JUDGE: | Andreatidis KC DCJ |
ORDERS: |
|
CATCHWORDS: | PRACTICE – DEFAMATION – SUMMARY JUDGMENT – STRIKE OUT – LIMITATION PERIOD – PROPORTIONALITY – principle of proportionality – whether the principle of proportionality applies in Queensland – if the principle of proportionality applies, should the discretion be exercised |
LEGISLATION | Civil Proceedings Act 2005 (NSW) s 60 Defamation (Model Provisions) and Other Legislation Amendment Act 2021 (Qld) Defamation Act 2005 (Qld), ss 10A, 10AB, 33 District Court Act 1967 (Qld) Human Rights Act 2019 (Qld) s 25 Limitation of Actions Act 1974 (Qld), ss 10AA, 10AB, 50. Uniform Civil Procedure Rules, rr 5, 171, 293, sch 3 |
CASES | Baker v Dubickas [2021] QDC 198 Bleyer v Google Inc (2014) 88 NSWLR 670 Courtney v Pinnacle Media Group Ltd & Ors [2021] QSC 91 Dow Jones & Company Inc v Gutnick (2002) 210, CLR 575 Ghosh v NineMSN Pty Ltd (2015) 90 NSWLR 595 Gray v Morris [2004] 2 Qd R 118 Ingram v Ingram [2022] NSWDC 653 Isaac v TCN Channel Nine Pty Ltd [2023] VSC 70 Jameel (Yousef) v Dow Jones & Co Inc [2005] QB 946 Rock v Henderson [2021] NSWCA 155 Smith v Lucht [2014] QDC 302 Smits v Cugola [2022] QCA 262 Wardley Australia Limited v Western Australia (1992) 175 CLR 514 Watney v Kencian [2018] 1 Qd R 407 |
COUNSEL: | Mr M de Waard (Plaintiff/Respondent) Ms L Barnett (Defendant/Applicant) |
SOLICITORS: | Mills Oakley (Plaintiff/Respondent) ABC Legal (Defendant/Applicant) |
- Introduction
- [1]The defendant (ABC) applies for:
- (a)summary judgment pursuant to r 293(2) of the Uniform Civil Procedure Rules 1999 (Qld) (UCPR); and
- (b)strike out orders of aspects of the statement of claim pursuant to r 171 of the UCPR.
- [2]It also became apparent during the course of the hearing that the ABC – in the alternative to summary judgment – sought a stay of the proceeding as an abuse of process, pursuant to what can be described as the “proportionality principle”, that is, no substantial tort has been committed in the jurisdiction and, in the circumstances, pursuing an expensive action is disproportionate to the cost, time, etcetera of pursuing it and therefore, it is an abuse of process.
- [3]I gave leave for the application to be amended to include an application for an order that the proceeding be stayed as an abuse of process.
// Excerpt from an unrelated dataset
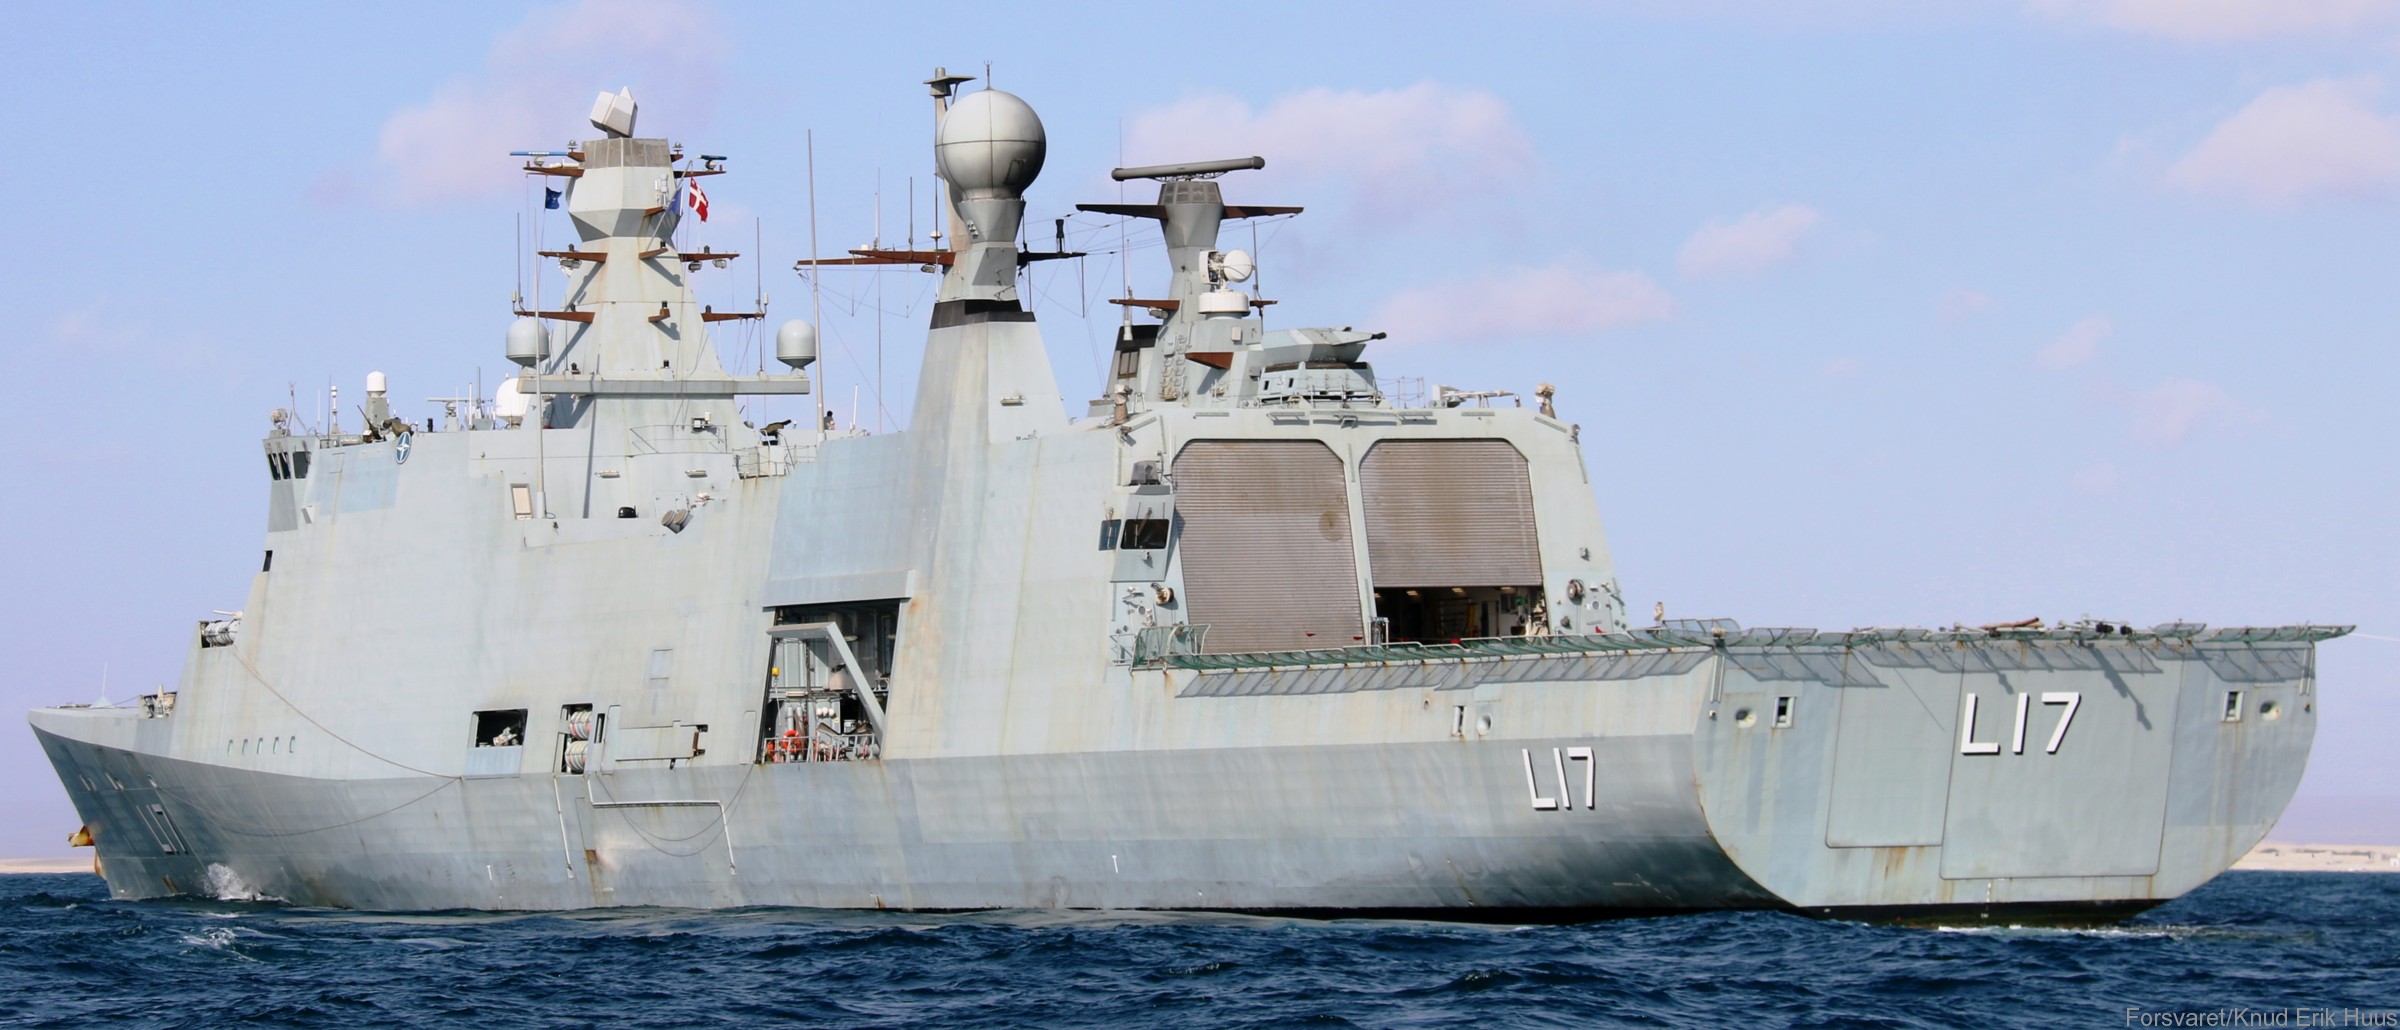 f-342 hdms esbern snare l-17 frigate command support ship royal danish navy 13

I did that on a strict condition: that if I was persuaded by ABC that I had power to dismiss a proceeding as an abuse of process pursuant to the “proportionality principle”, or if I was going to say something that would prejudice the plaintiff in terms of the exercise of discretion, I would not deliver reasons and instead, I would make some directions about providing further material, both affidavits and submissions. For the reasons which follow, even if I did have power to dismiss the proceeding as an abuse of process pursuant to the “proportionality principle” – a point which I have not finally decided – I would not do so.
Which version of the Defamation Act applies?
- [4]It was – I think – correctly put to me that there were really two versions of the Defamation Act 2005 (Qld) (the Defamation Act, or, the Act) that one had to have regard to. Because of the date of the first upload, it was relevant to have regard to the Defamation Act as it existed then and that version was effective as at 1 January 2016 but it was also, I think, correctly put to me that because of the transitional provisions that are recorded in the Limitation of Actions Act 1974 (Qld) and some other submissions that were made on behalf of the ABC, it was also relevant to have regard to the version of the Defamation Act as it existed as at 1 July 2021.
- [5]The Defamation (Model Provisions) and other Legislation Amendment Act 2021 (the Amending Act) introduced important reforms to defamation law in Queensland including, relevantly:
- (a)
- (b)
- (c)transitional provisions which apply to publications made before commencement of the provisions in the Amending Act (the commencement date being 1 July 2021).
- [6]Because the publications occurred before the commencement of the provisions in the Amending Act:
- (a)
- (b)
Limitation period
Background
- [7]The proceeding arises in relation to an article entitled “Best Jet Founder Breaks Silence after Company’s Collapse” (the Article first published by the ABC on its website on 5 January 2019).
- [8]Mr McVicker contends that the Article was defamatory of him.
- [9]On 6 January 2020 the limitation period in relation to the first publication of the Article expired.
- [10]On 26 August 2021 Mr McVicker’s solicitors sent to the ABC a document that they described as described as being a concerns notice.
- [11]On 14 September 2021 the ABC updated the Article to include an editor’s note stating in effect that it:
- (a)had reported on claims made by the founder of Best Jet;
- (b)did not adopt or endorse any of those claims; and
- (c)did not intend to make any adverse suggestion regarding Mr McVicker.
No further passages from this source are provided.